====== MATERIAL TO PROCESS

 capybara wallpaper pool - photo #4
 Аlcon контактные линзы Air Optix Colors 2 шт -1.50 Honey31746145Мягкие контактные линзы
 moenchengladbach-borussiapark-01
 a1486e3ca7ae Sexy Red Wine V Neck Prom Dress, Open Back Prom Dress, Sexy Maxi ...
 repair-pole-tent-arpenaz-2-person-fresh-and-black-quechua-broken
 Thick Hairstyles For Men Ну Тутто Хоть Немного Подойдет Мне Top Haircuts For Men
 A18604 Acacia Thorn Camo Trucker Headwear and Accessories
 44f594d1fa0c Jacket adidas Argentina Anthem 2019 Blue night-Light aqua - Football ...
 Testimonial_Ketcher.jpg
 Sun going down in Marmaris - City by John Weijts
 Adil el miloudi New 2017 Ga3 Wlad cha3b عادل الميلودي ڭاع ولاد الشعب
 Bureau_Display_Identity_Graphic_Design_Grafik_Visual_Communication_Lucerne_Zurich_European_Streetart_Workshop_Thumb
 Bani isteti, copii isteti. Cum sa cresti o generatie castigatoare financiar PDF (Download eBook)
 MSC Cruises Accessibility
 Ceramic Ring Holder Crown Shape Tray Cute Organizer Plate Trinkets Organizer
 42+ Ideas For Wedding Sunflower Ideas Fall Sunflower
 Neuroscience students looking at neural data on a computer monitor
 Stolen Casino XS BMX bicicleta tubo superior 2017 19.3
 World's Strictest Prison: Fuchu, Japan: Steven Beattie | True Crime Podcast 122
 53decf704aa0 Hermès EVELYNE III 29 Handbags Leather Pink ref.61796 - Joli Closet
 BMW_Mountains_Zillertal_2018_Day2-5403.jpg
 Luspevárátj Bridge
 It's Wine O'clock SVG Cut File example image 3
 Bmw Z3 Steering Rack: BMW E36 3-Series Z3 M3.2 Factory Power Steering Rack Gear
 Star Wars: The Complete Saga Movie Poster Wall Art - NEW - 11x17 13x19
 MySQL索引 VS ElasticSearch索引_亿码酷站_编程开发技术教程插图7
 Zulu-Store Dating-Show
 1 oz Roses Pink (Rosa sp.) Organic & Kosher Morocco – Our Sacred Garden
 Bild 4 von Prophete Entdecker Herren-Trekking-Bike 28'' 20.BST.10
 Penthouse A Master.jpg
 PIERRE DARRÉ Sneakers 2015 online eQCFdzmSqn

============

» WHAT YOU WILL DO
Transcribe exactly, and only, the lines from the opening line of the records through the line containing "42+ Ideas For".

» SOLUTION FOR THIS TASK
 capybara wallpaper pool - photo #4
 Аlcon контактные линзы Air Optix Colors 2 шт -1.50 Honey31746145Мягкие контактные линзы
 moenchengladbach-borussiapark-01
 a1486e3ca7ae Sexy Red Wine V Neck Prom Dress, Open Back Prom Dress, Sexy Maxi ...
 repair-pole-tent-arpenaz-2-person-fresh-and-black-quechua-broken
 Thick Hairstyles For Men Ну Тутто Хоть Немного Подойдет Мне Top Haircuts For Men
 A18604 Acacia Thorn Camo Trucker Headwear and Accessories
 44f594d1fa0c Jacket adidas Argentina Anthem 2019 Blue night-Light aqua - Football ...
 Testimonial_Ketcher.jpg
 Sun going down in Marmaris - City by John Weijts
 Adil el miloudi New 2017 Ga3 Wlad cha3b عادل الميلودي ڭاع ولاد الشعب
 Bureau_Display_Identity_Graphic_Design_Grafik_Visual_Communication_Lucerne_Zurich_European_Streetart_Workshop_Thumb
 Bani isteti, copii isteti. Cum sa cresti o generatie castigatoare financiar PDF (Download eBook)
 MSC Cruises Accessibility
 Ceramic Ring Holder Crown Shape Tray Cute Organizer Plate Trinkets Organizer
 42+ Ideas For Wedding Sunflower Ideas Fall Sunflower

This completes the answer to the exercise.